Structural equation modeling of microbial networks during smooth brome invasion

Using a comprehensive list that included a compilation of all winnowed OTUs generated from the four centrality measures, we generated a dataset that included sample, OTU “importance” (i.e., centrality), and abundance. To do this, we ran a leave-one-out analysis where each sample was sequentially left out with replacement and then rebuilt the network without the left-out sample in order to quantify the centrality and abundance for each OTU among the samples—achieved by summation of each OTU contribution to sample centrality and abundance. This resulted in a matrix of centrality × sample for each centrality measure that was then used in subsequent SEM of microbial network evolution under smooth brome invasion.

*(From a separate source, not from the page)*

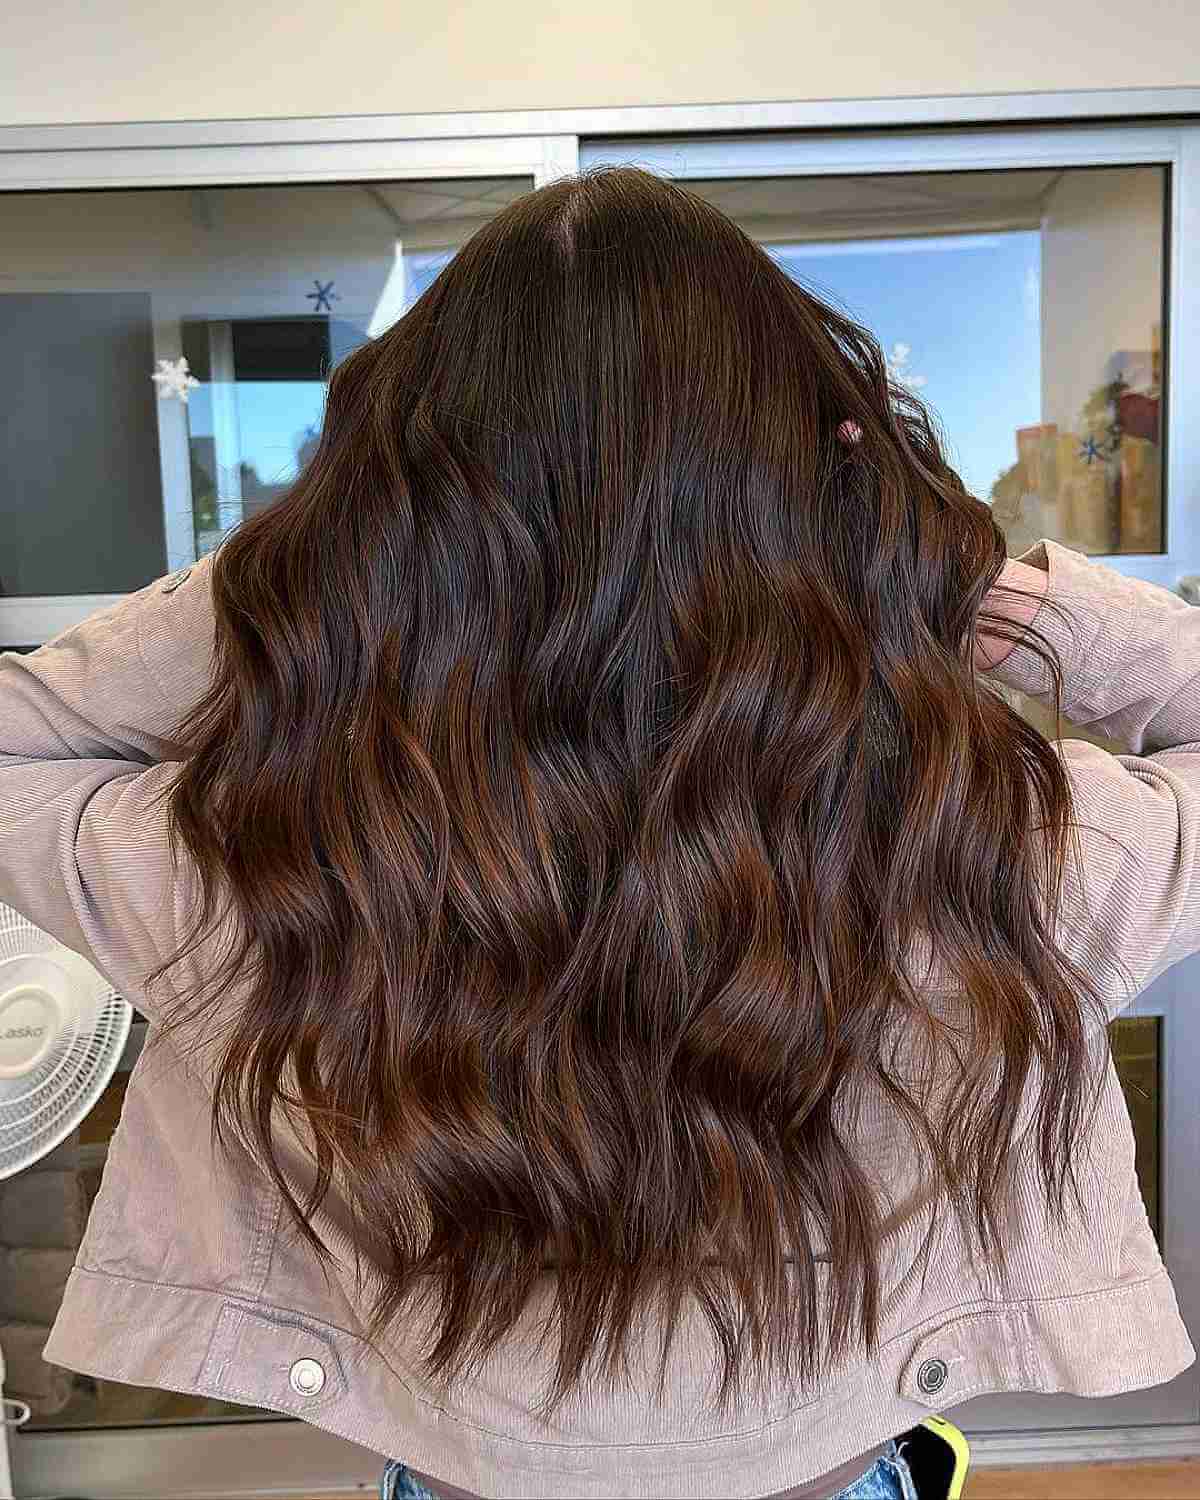 Soft Voluminous Waves on Rich Brown Hair

We used these data to build upon the SEM framework developed by Piper et al. [37], in which they assessed how smooth brome influenced bacterial diversity during smooth brome invasion of natural grasslands. Here we wanted to build on this model to test if we could predict the evolution of microbial networks during smooth brome invasion. SEMs allow the exploration of networks of simultaneous influences, rather than individual causes [17, 31]. The method is thus appropriate for supporting causal interpretations at the system (for example, brome–edaphic–microbial network connectivity) rather than the individual level (for example, brome–network). Before fitting the SEM, we used general linear models with a quadratic term to check for nonlinear relationships among exogenous (solely explanatory) and endogenous (can be both response and explanatory) variables; no nonlinearities were found. To equalize variances we standardized variables by dividing raw values by their group maximum. Improved model fit was assessed based on reduced χ2 and Akaike information criterion. Models were fit using the R package “lavaan” v. 0.6–1 [55].

Here we tested three potential causal pathways through which smooth brome may influence microbial network development, via: (1) bacterial alpha diversity (richness or evenness), (2) bacterial alpha diversity and direct plant linkages, (3) bacterial alpha diversity and direct soil linkages, and/or (4) bacterial alpha diversity and both direct plant and soil linkages (see Supplementary Figs. S7S10).

k-clique community analysis

As an independent test of winnowing robustness (i.e., do the winnowed OTUs represent a real sub-group within the microbial community), we quantified the connectivity of the winnowed community using k-clique analysis [56]. A k-clique community represents the union of all k-cliques (complete subgraphs or modules of size k) that can be reached from each other through a series of adjacent k-cliques (where adjacency = sharing k–1 nodes) [57, 58]—referred to as the clique percolation method [57]. This method first requires locating all cliques (maximal complete subgraphs) of the entire network, and then identifying the communities by carrying out a standard component analysis of the clique–clique overlap matrix [56]. The methodology is described further by Palla et al. [56] and the code is available at

All analyses were performed using python ( and R v. 3.5.1 [59].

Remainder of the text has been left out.